EXERCISE DESCRIPTION | Give back an exact copy of the listing that follows, without the pictures.

STORED DATA |
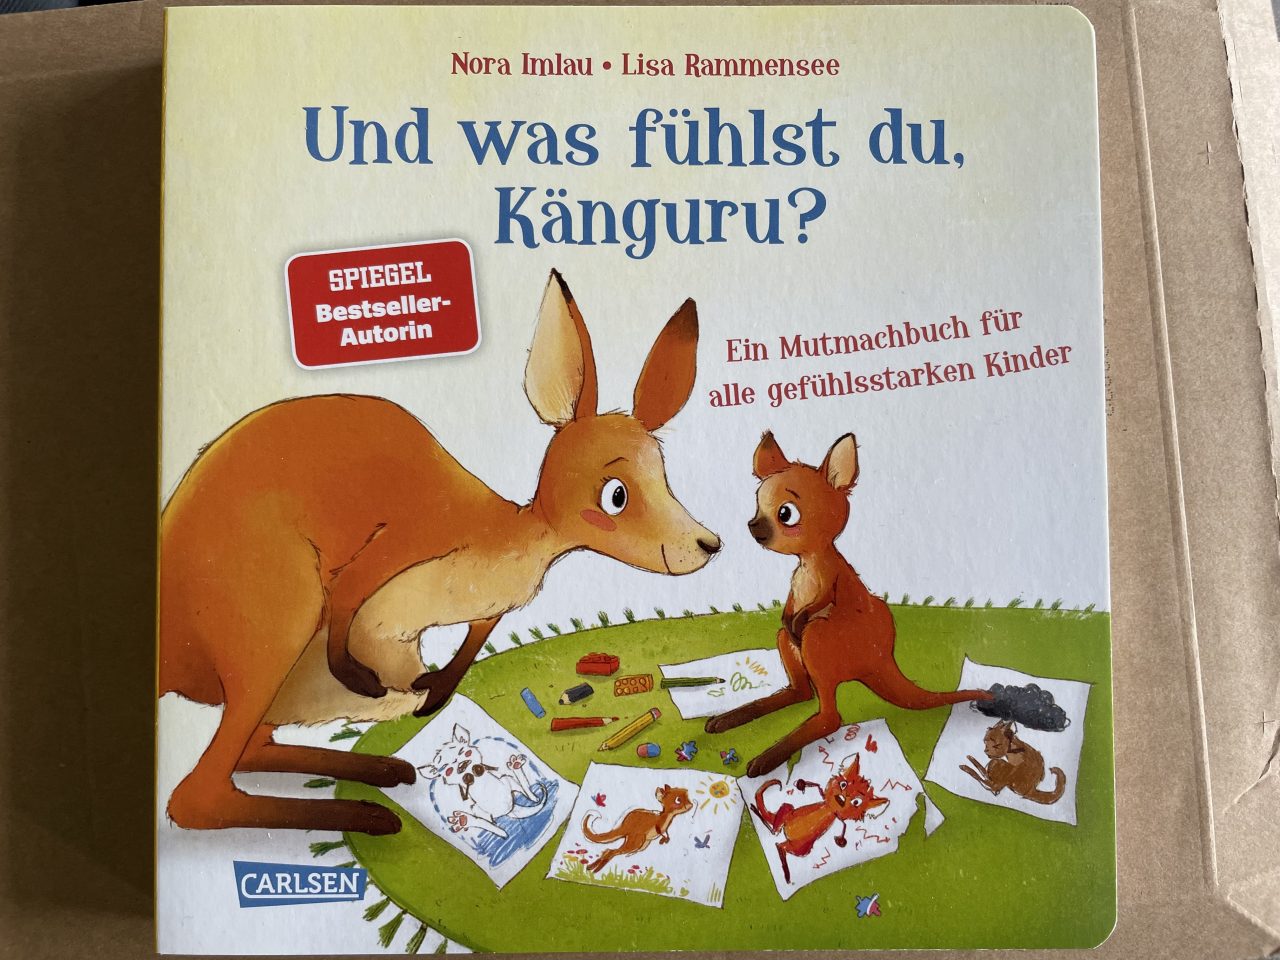 Und was fühlst du, Känguru? - Kinderbuch auf einem Briefumschlag
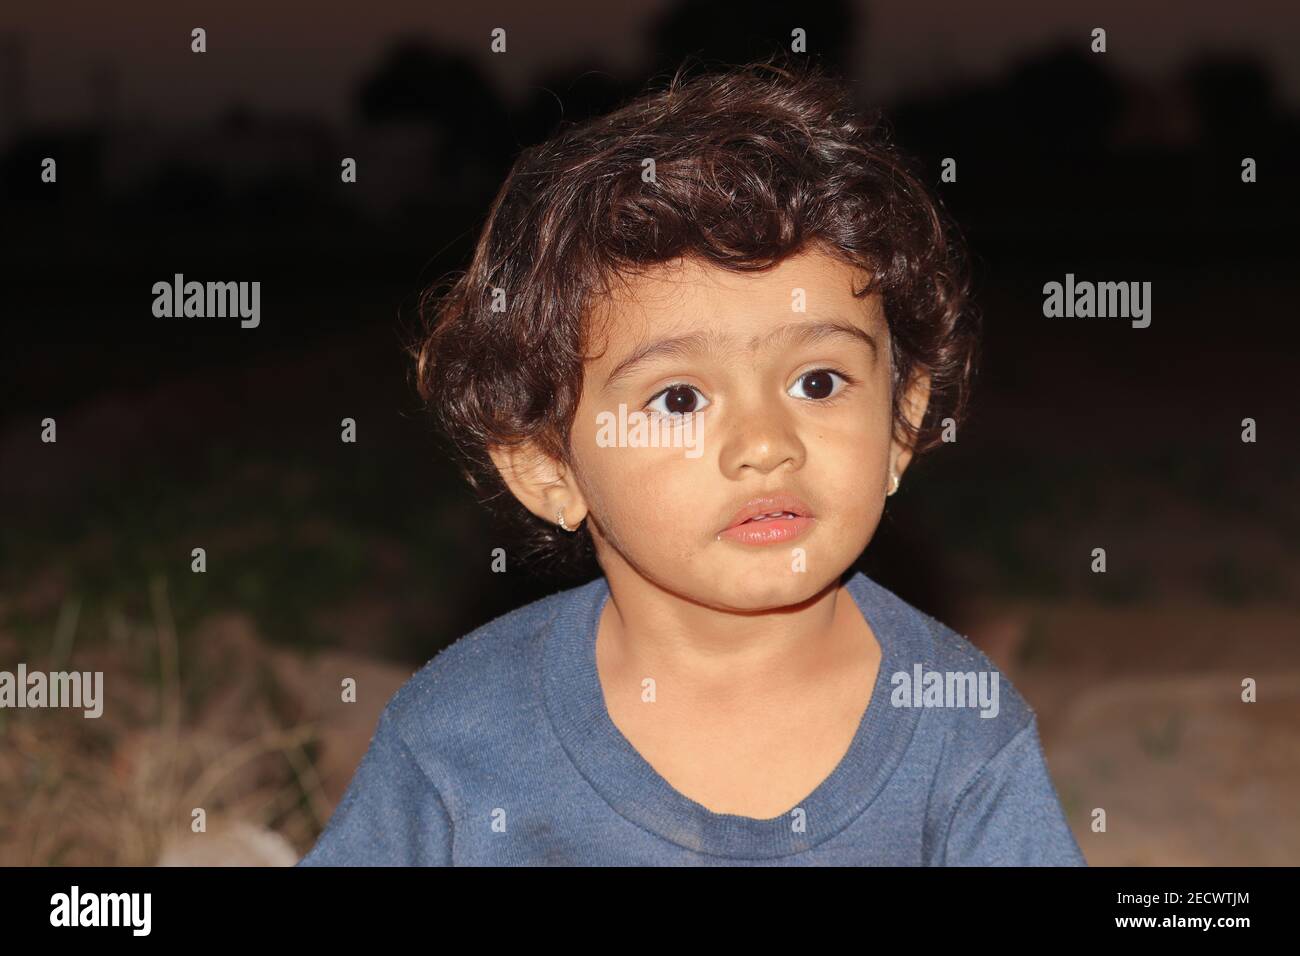 Un portrait de gros plan photo de beau petit garçon hindou jouant dans le jardin au coucher du soleil, inde. petit garçon asiatique dans la nature Banque D'Images
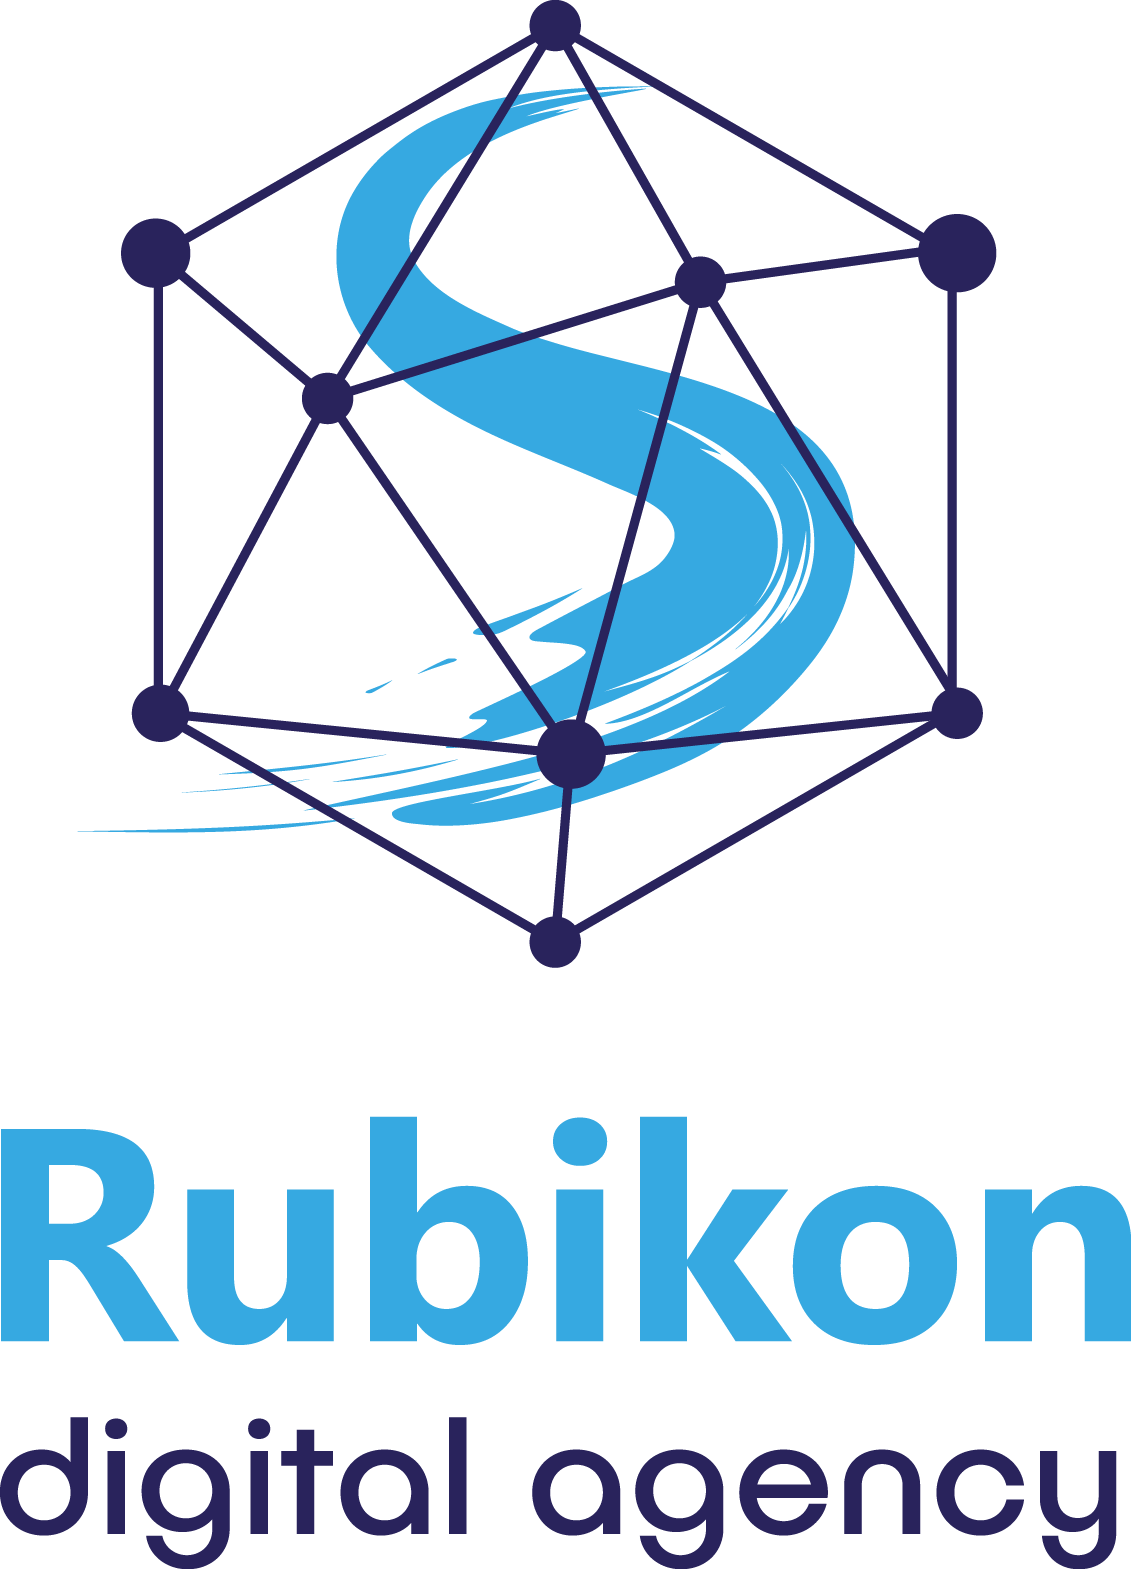 Digital Agency Rubikon

WRITTEN ANSWER |
 Und was fühlst du, Känguru? - Kinderbuch auf einem Briefumschlag
 Un portrait de gros plan photo de beau petit garçon hindou jouant dans le jardin au coucher du soleil, inde. petit garçon asiatique dans la nature Banque D'Images
 Digital Agency Rubikon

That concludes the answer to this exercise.